Making IT Easier (Part two of three): The Business Leader

In the first part of this series, I highlighted some of the ways in which IT professionals can make life easier on themselves and those around them. For this part, I’ll be focusing on what business leaders can do to make IT easier for themselves, their IT staff and their end-users.

A common problem in many businesses with the IT department, is that there can be a level of miscommunication between groups, which ultimately ends up with differences on what is being recommended by the IT staff and what the business leaders feel is necessary for their continued operations. It is not an uncommon situation for projects to hit the chopping block, despite the potential value add, because there was a fundamental misunderstanding between the key groups.

To avoid situations where a company is not getting its full value from the IT department, business leaders should use the tips below to help avoid some of the potential issues that can arise.

  • Communicate the strategic vision

    Business leaders need to ensure they are keeping the big picture in frame for their team members. This will help to keep departmental goals within scope and it will help to provide an idea around how projects fit in with these goals. Before starting a project make sure that the team is on board with the intended purpose of the project and how it aligns with the company’s strategic goals.

  • Understand the company’s IT needs

    Knowing the company’s IT needs will provide a great deal of clarity when budget time comes around. Oftentimes this department can be woefully understaffed, or severely overstaffed depending on the sway of those pushing for IT budgets. Having a clear concept around the company’s needs will create a better idea of what is required from the staff and where business leaders can trim the fat.

  • Know when to ask questions

    Most business leaders get to where they are because of their ability to know when they don’t know something. Having the ability to ascertain what is in their specific field of expertise and where they need some help will create more open communication between them and their staff. IT in particular can have some very specialized roles, knowledge, and skillsets, and having subject matter experts will require some trust on the part of the business leaders when asking questions.

  • Listen to the answers when you ask questions

    This sounds like a pretty obvious piece of advice, but when a business leader asks a question of their IT staff, the first answer they get (depending on the staff member) is likely going to be the most honest. If there is any apprehension the IT department’s ability to accommodate a request on the first ask, it’s likely a stretch.   If they don’t understand IT, this is an even more important piece of advice. If someone is a part of the staff, there needs to be a level of trust to believe they have the company’s best interests at heart.

  • Know the limits

    This is an especially important item to understand if the IT department is working on a tight budget. It’s difficult to get a Mercedes on a Kia budget and having similar expectations of IT staff is a common problem.
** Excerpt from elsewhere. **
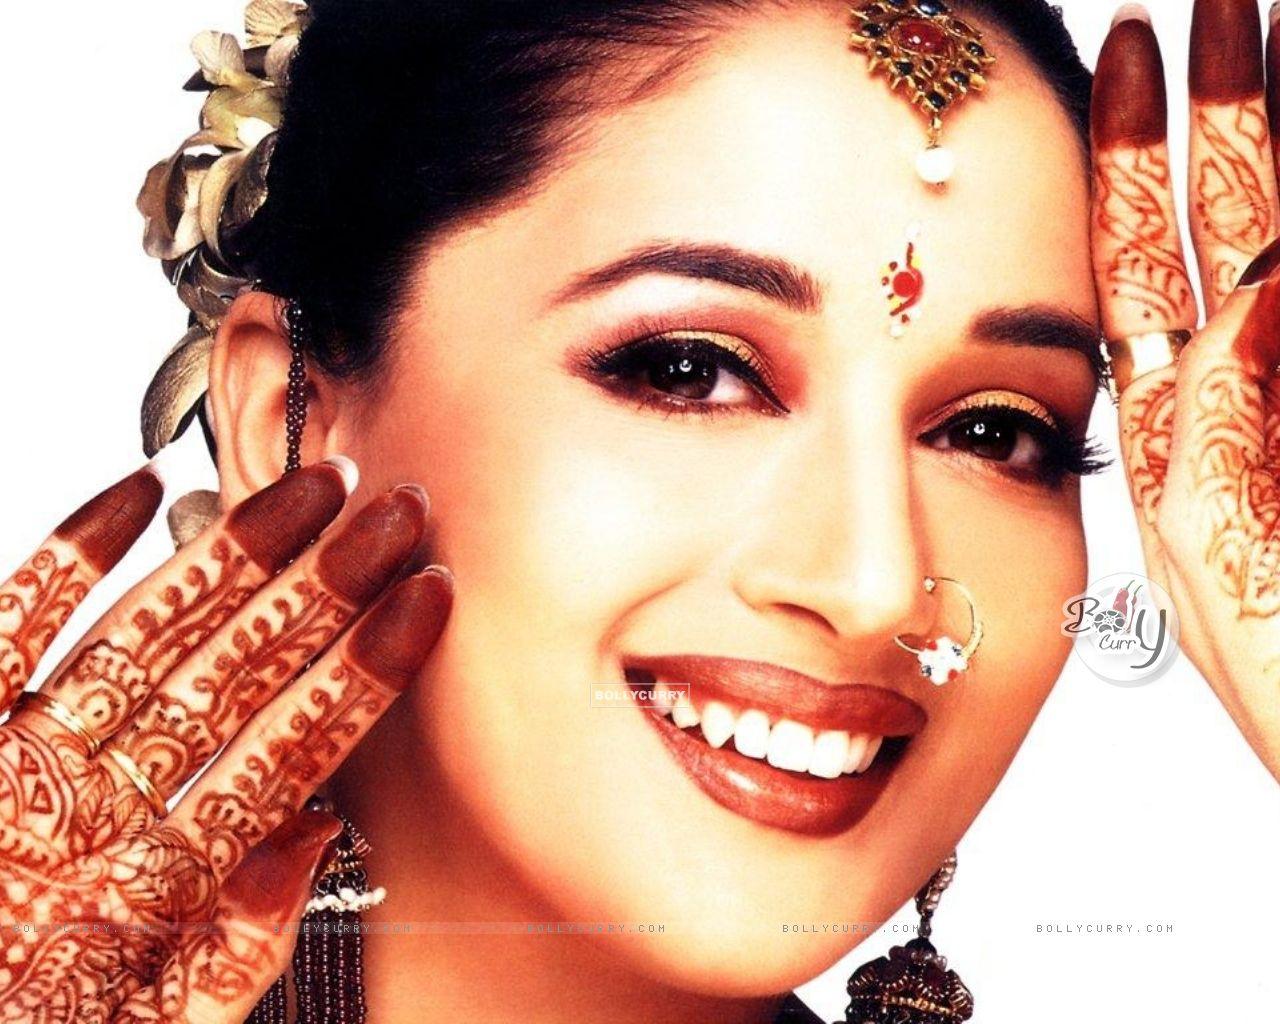 Hindi Old Video Songs (1920x1080) 1080p Download, Bollywood Hindi ...

If the budget is tight and staff is stretched, it’s important to keep requests within the IT department’s skillset and scope. Asking for assistance with requests outside of their so-called wheelhouse, could cause some added stress for the team.
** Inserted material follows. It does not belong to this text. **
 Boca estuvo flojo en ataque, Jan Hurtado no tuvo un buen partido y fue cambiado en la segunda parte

Communication is key in keeping a happy and efficient team and staff. The better a company communicates, the better it typically runs. Having a further understanding of how the staff runs and where there are deficiencies will add some added perspective for management and allow for better optimization of staff levels and goals.

For part three of this series, please check back later this week. If you have any stories or recommendations on for business leader in their dealings with IT, please hit the comment button at the top of this post, and as always, be sure to follow me on twitter @burked585.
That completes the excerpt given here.